Friday, February 15, 2008

Falling Is Like This



I held the ladder as he climbed. He reached his arms high to fix the tile in the ceiling. I looked up to watch. His shirt was untucked, and for a moment, I caught a brief glimpse of his stomach. It was an ordinary stomach. It was what you'd expect a sixty year old man's stomach to look like. There was nothing strange about it, and yet, seeing it somehow changed everything.

I remember thinking, even then, how odd it was that he should be so ordinary. How peculiar to think that underneath those clothes he had a body just like anyone else. How curious to know that he was simply human.

Because before that moment, it hadn't occurred to me that he was, a thought I hadn't realized until I saw that small flash of skin, that small reminder that we were created the same way. This was before he confided in me about his love interest. This was before I made visiting his apartment a regular occurrence. This was before I understood his loneliness and struggles, before I understood my own loneliness and struggles. This was before I understood what it meant to live a life.

This was the first time he fell. As he stood there on the ladder, I felt the pedestal I had placed him on within my mind slip from beneath his feet. I felt the heaviness of his body hit the floor. I felt the earth move. And within me, something changed. I looked at my mentor. I looked up searching for answers in his face, as a child does, as a hungry animal looks at its owner to plead for food. I needed something from him. I needed for him to look back down at me and have the answers. I needed him to still be the person I had created out of faith.

But when he glanced down and smiled his knowing smile, it was different. He was different. I was different. And we stood there, two adults with too many questions and too few answers, looking at one another as if for the first time. Of course, he couldn't have known what I was thinking. He couldn't have known what I felt in that moment, that great crack in the universe, that great shattering of an ideal, but it certainly felt as though he did. It certainly felt as though he understood that his days as a superhero were over, that he would have to turn in his mask and cape, that he would have to settle now for a more simplistic human identity. It seemed to me that he was okay with such a thought, and I realized that I was too.

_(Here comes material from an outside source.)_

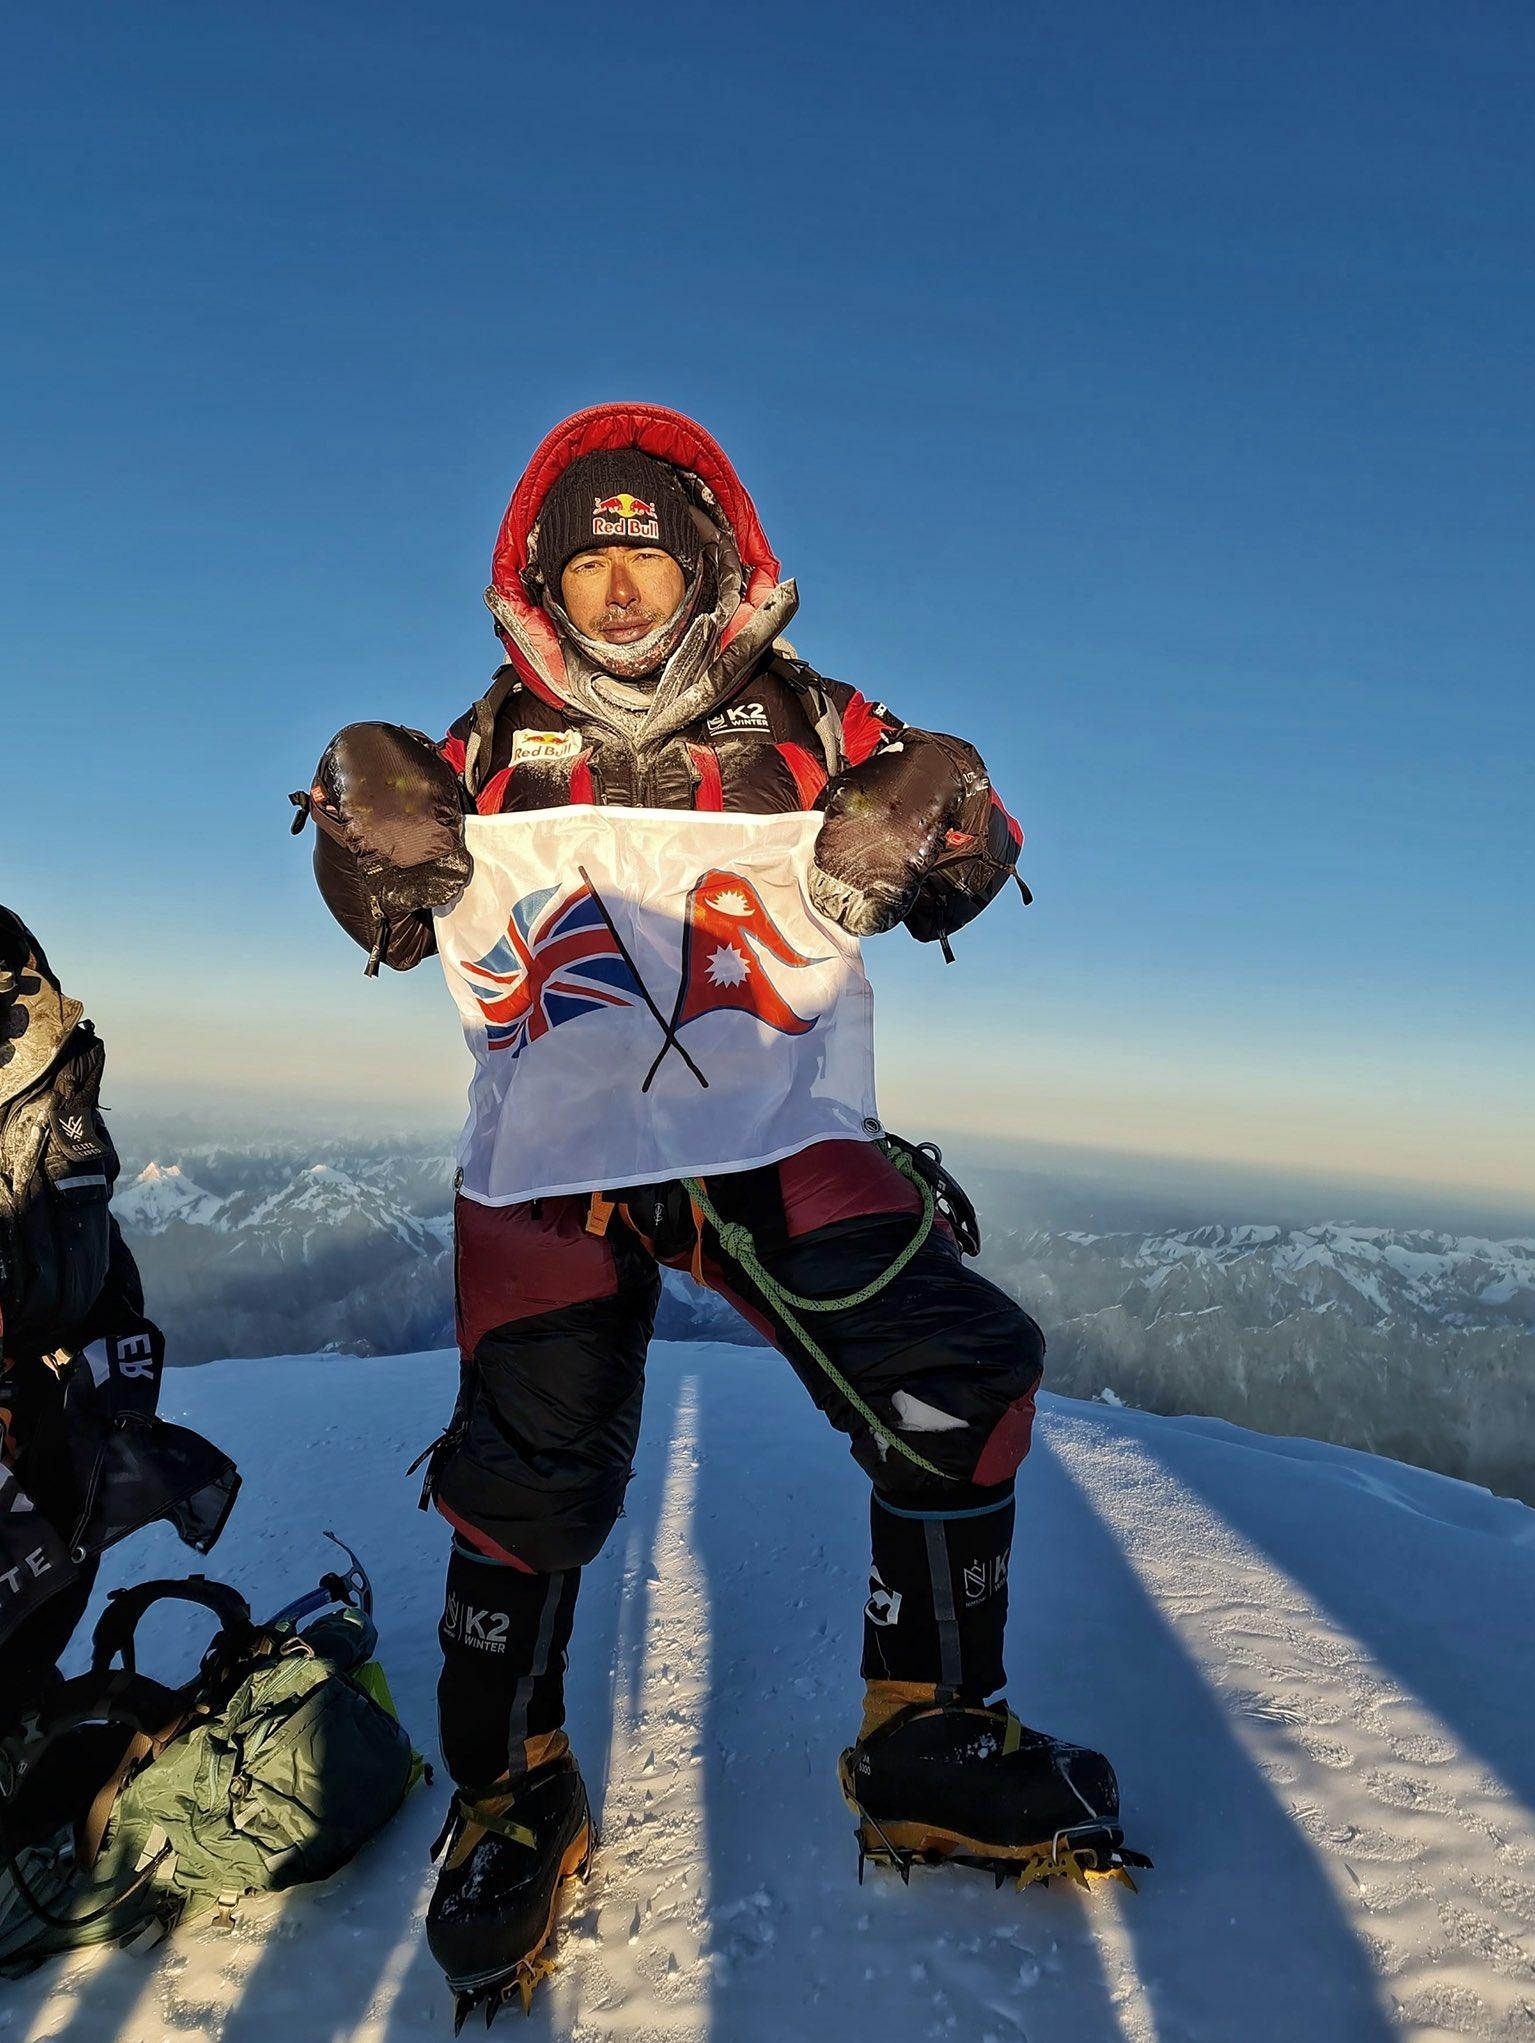 تصویری از کوهنورد مشهور بر فراز قله K2

It is funny to be reminded that you are just a girl, that he is just a boy, that we are all just human. It's funny the way admiration creates this aura of invincibility, of nobleness, of heroism. It's funny the way we create small Gods in the people we love. I think of this as you list for me your faults, as you inch the pedestal of infallibility out from under your feet. You fall. You rise. And then we are just two people standing side by side, broken and vulnerable, honest and real, open and beautiful. Then we are just two people whose imperfections are perfect.

And it is only after you have slipped from grace that I realize the depths of my love for you, how I could be perfectly content to spend the rest of my life falling into such an abyss.

4 comments:

Pauline said...

this is such a beautifully written piece - you always manage to say so much without really giving anything away - how do you do that?

I love the idea of "just two people standing side by side, broken and vulnerable, honest and real, open and beautiful. Then we are just two people whose imperfections are perfect. "

Lori said...

Beautiful! This is very thought provoking!

Sky said...

lovely commentary about the human condition. :)

Beetlebum said...

"It's funny the way we create small Gods in the people we love" .. Frankie, this is so true. The fact that you realized you still love someone after their fall from grace shows that you truly love them. It's easy to idealize a person and love the image of them you've built up, and very different to love someone for who they really are, faults and all.